§ SUPPLIED DATA:
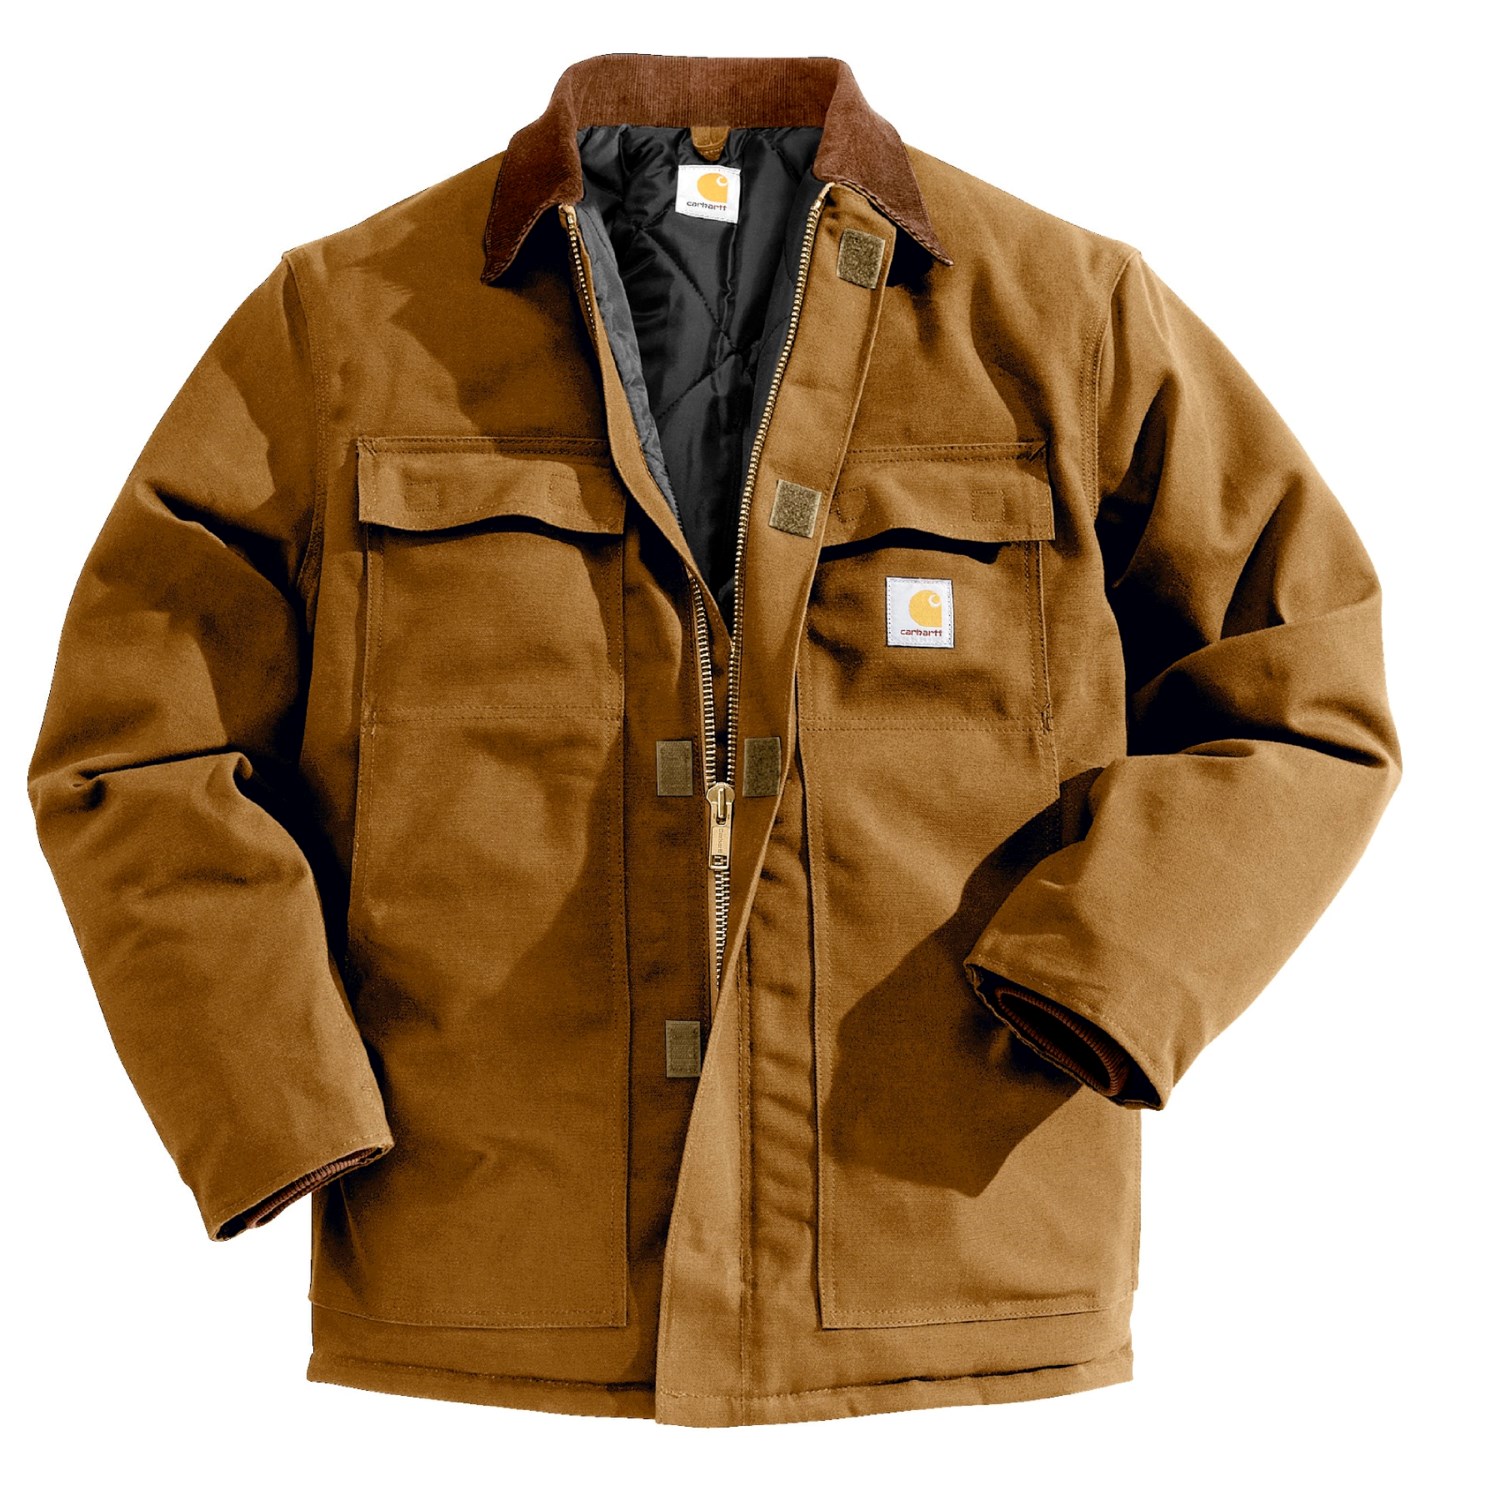 Carhartt Traditional Duck Arctic Work Jacket (For Men) 2191M
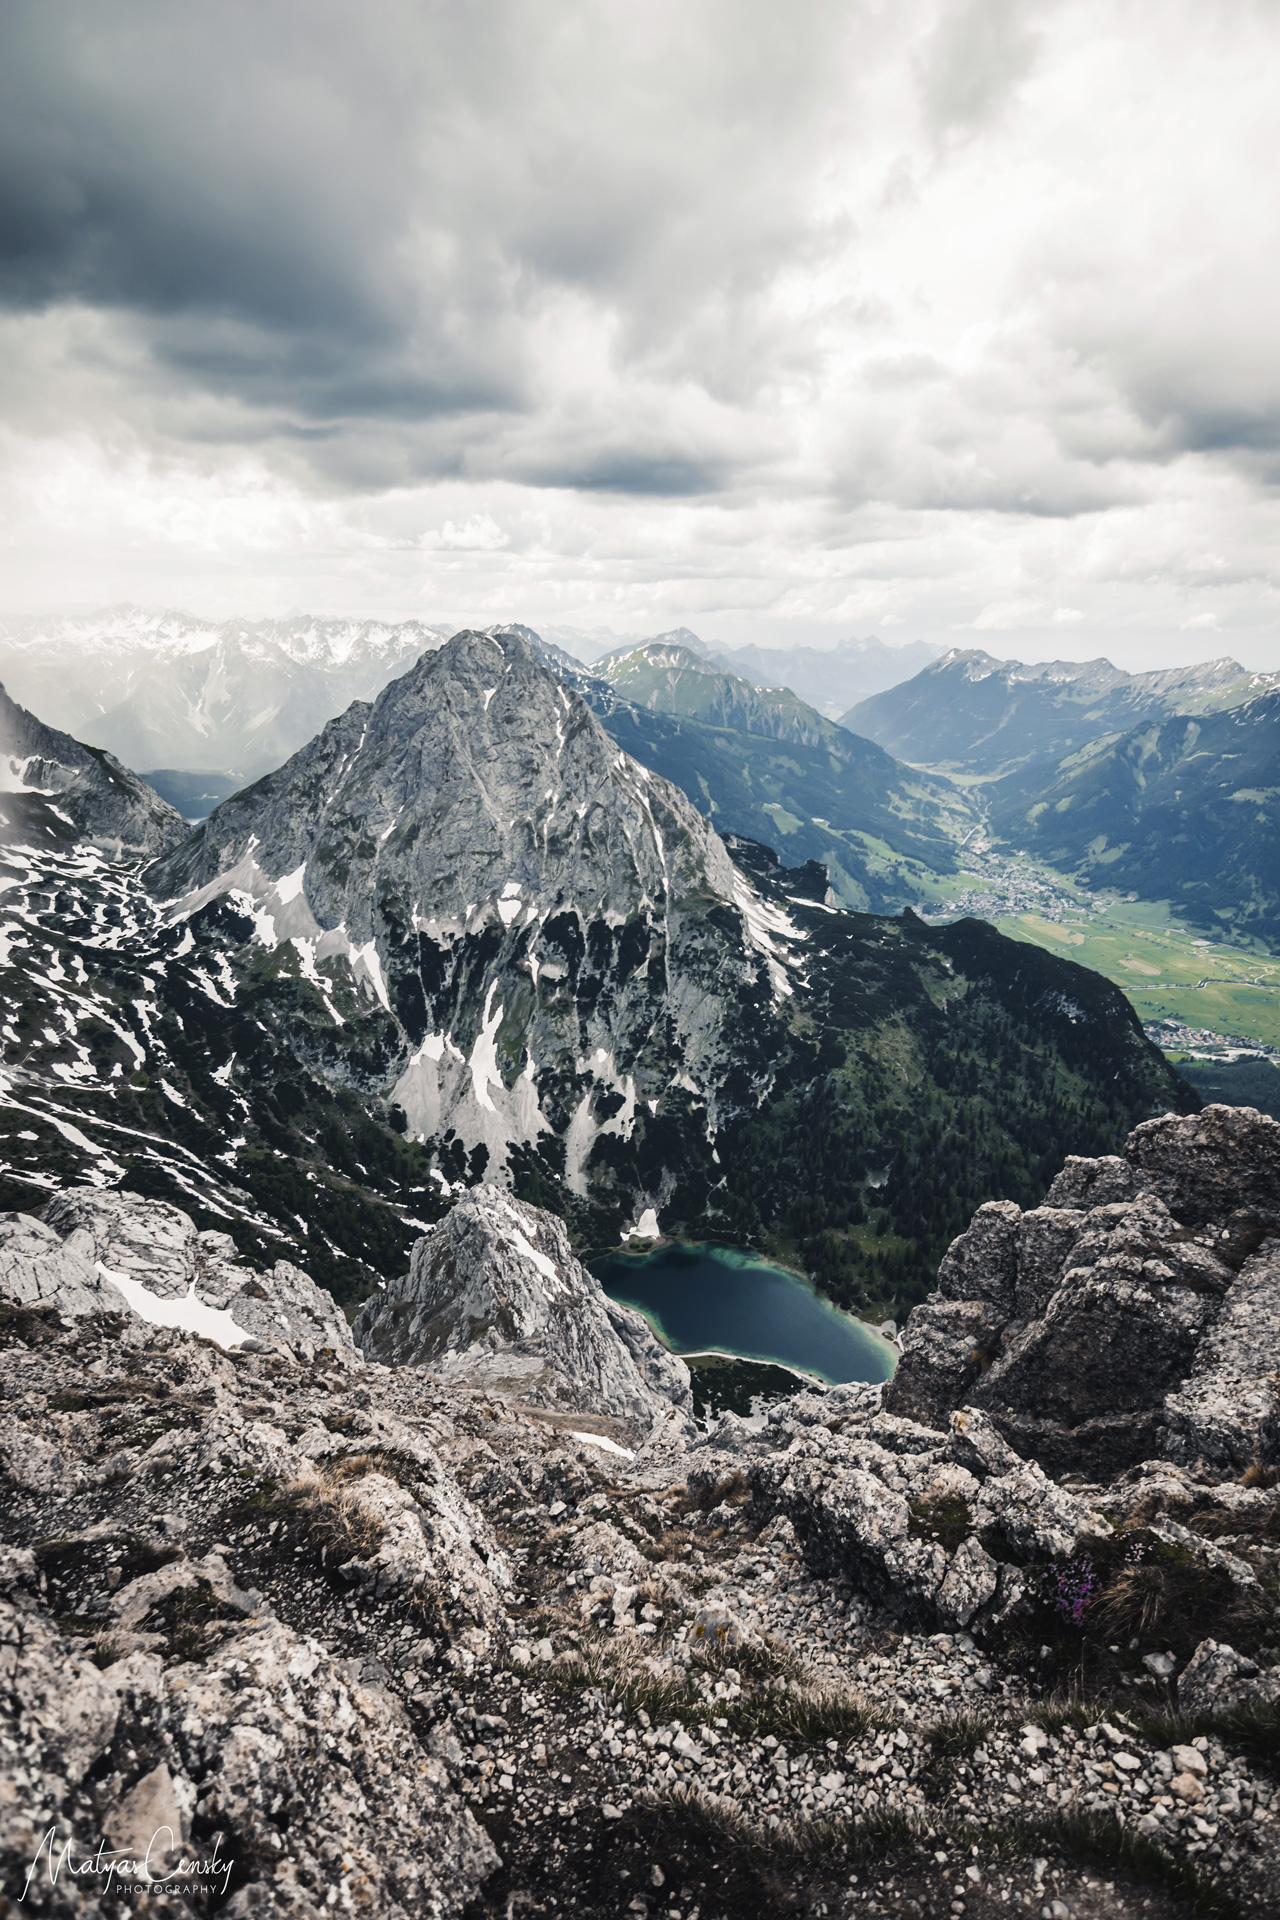 Photo o Seebensee and Ehrwalder Sonnenspitze taken from top of Tajakante Klettersteig in Austria.
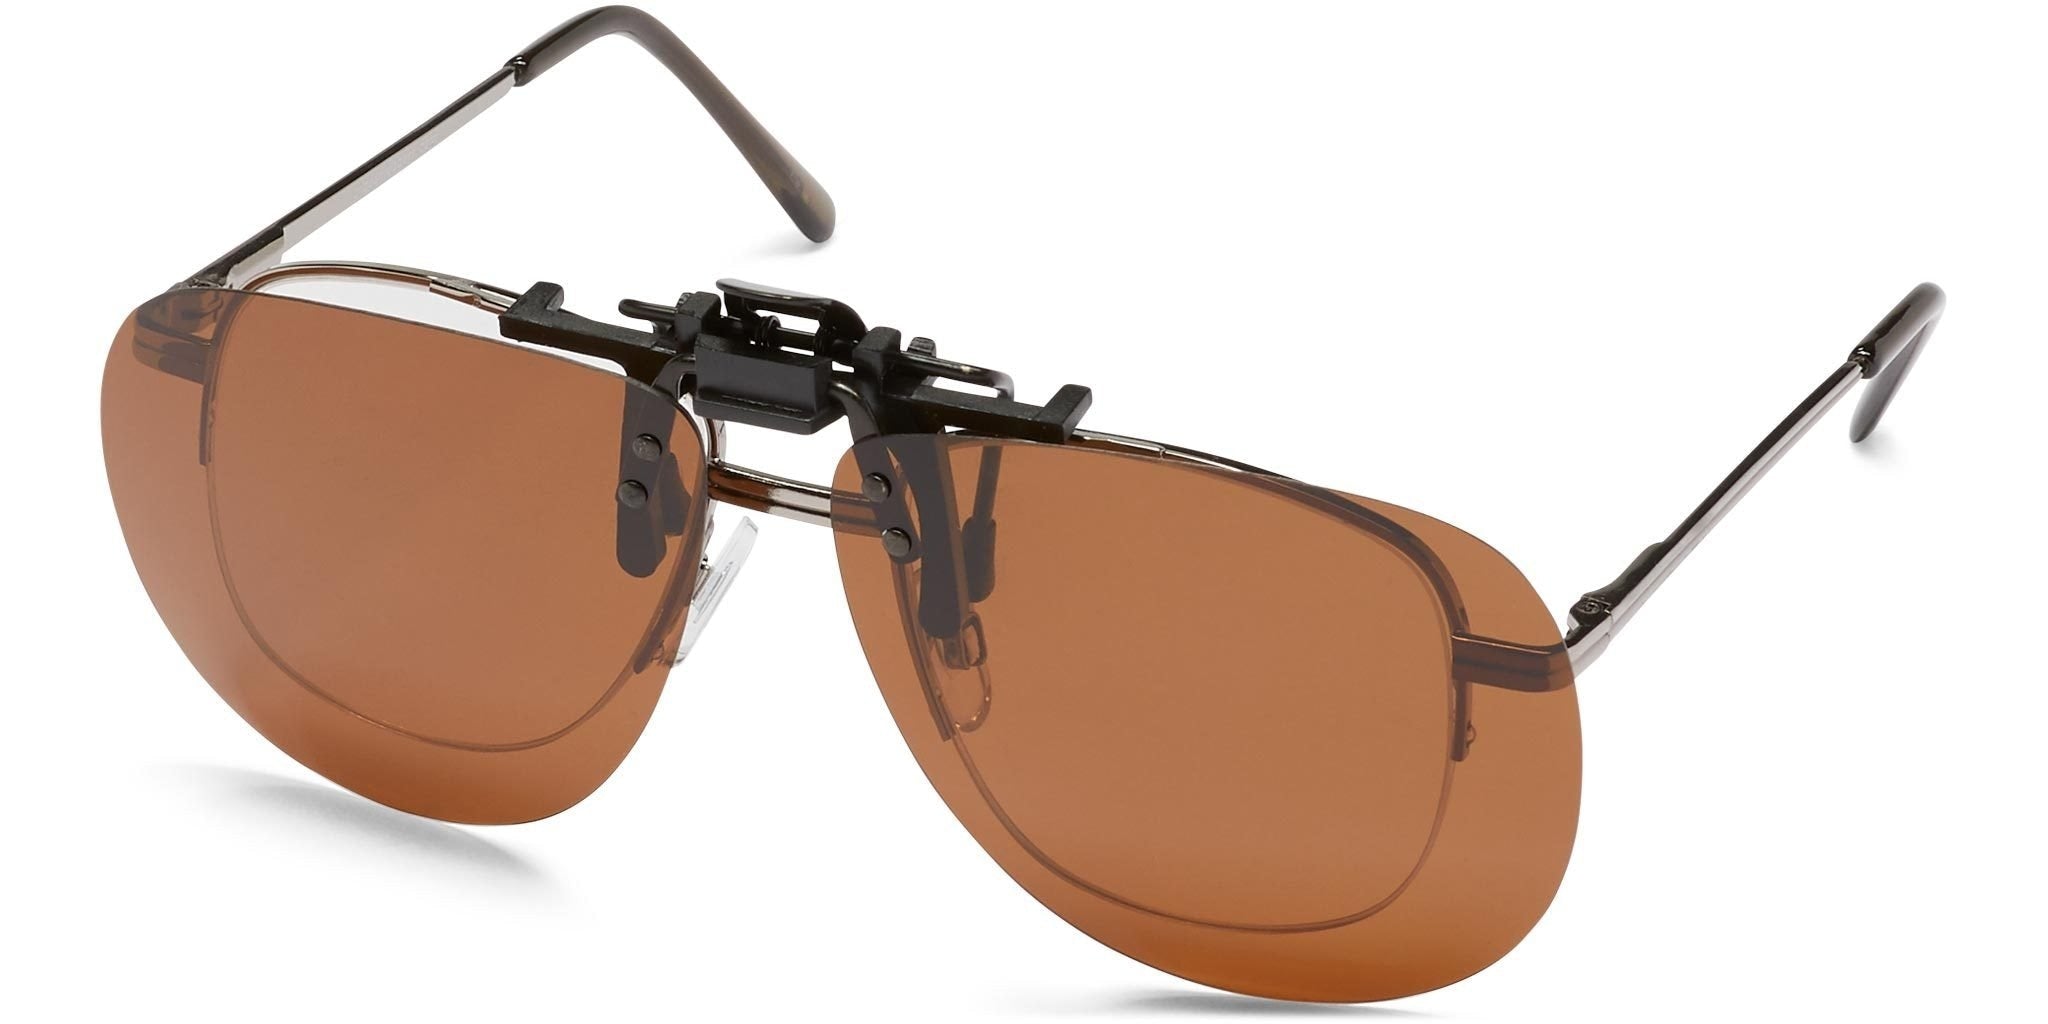 Emblem Eyewear Polarized Full Mirror Aviator Sunglasses

§ INSTRUCTIONS FOR THE TASK:
The pictures are not wanted, but every line of the listing should be duplicated exactly.

§ WRITTEN RESPONSE:
 Carhartt Traditional Duck Arctic Work Jacket (For Men) 2191M
 Photo o Seebensee and Ehrwalder Sonnenspitze taken from top of Tajakante Klettersteig in Austria.
 Emblem Eyewear Polarized Full Mirror Aviator Sunglasses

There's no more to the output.